Laboratory of Cell Biology, National Heart, Lung, and Blood Institute,
National Institutes of Health, 9000 Rockville Pike, Bethesda, MD 20892, USA
*These authors contributed equally.
?To whom correspondence should be addressed: Building 50, Room 2517,
National Institutes of Health, Bethesda, MD 20892. Tel.: (301) 496-1616.

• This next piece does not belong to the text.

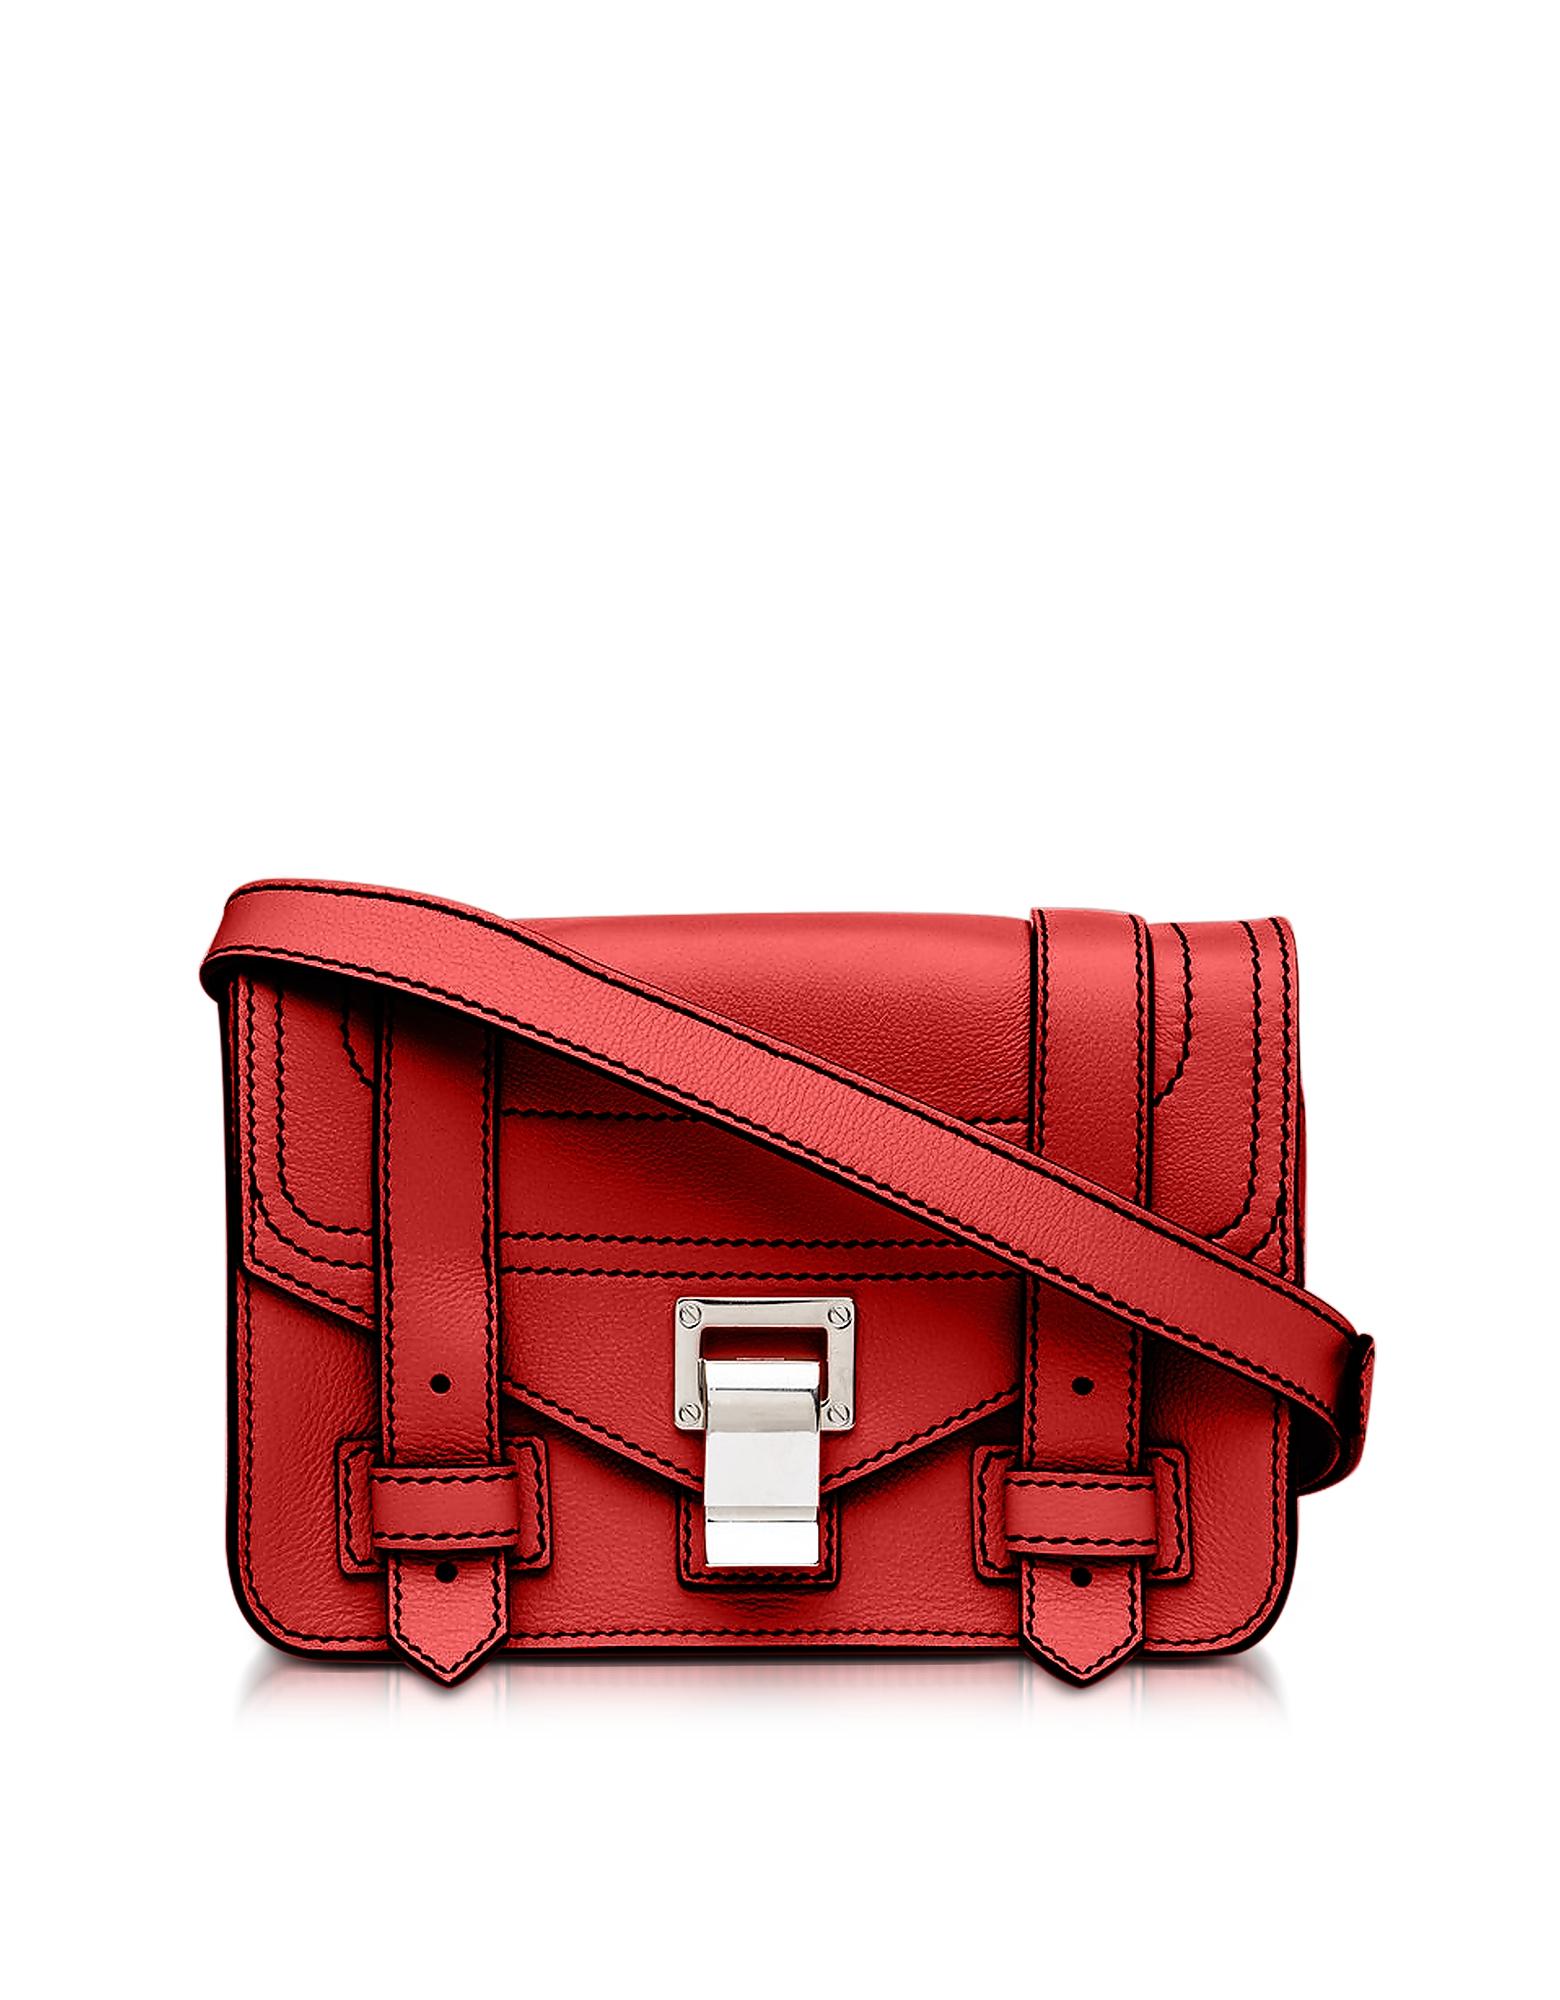 PS1+ Cardinal Grainy Leather Mini Crossbody Bag

Fax: (301) 402-1519. E-mail: edk@nih.gov <mailto:edk@nih.gov>
Pro. Natl. Acad. Sci. USA in press
ABSTRACT
How myosin II localizes to the cleavage furrow of dividing cells is largely
unknown. We show here that a 283-residue protein, AD1, corresponding to the
assembly domain in the tail of Dictyostelium myosin II assembles into
bundles of long tubules when expressed in myosin II-null cells and localizes
to the cleavage furrow of dividing cells. AD1 mutants that do not
polymerize in vitro do not go to the cleavage furrow in vivo. An
assembly-competent polypeptide corresponding to the C-terminal 256 residues
of Acanthamoeba myosin II also goes to the cleavage furrow of Dictyostelium
myosin II-null cells. When over-expressed in wild-type cells, AD1
co-localizes with endogenous myosin II (possibly as a co-polymer) in
interphase, motile and dividing cells and under caps of concanavalin A
receptors but has no effect on myosin II-dependent functions. These results
suggest that neither a specific sequence, other than that required for
polymerization, nor interaction with other proteins is required for
localization of myosin II to the cleavage furrow.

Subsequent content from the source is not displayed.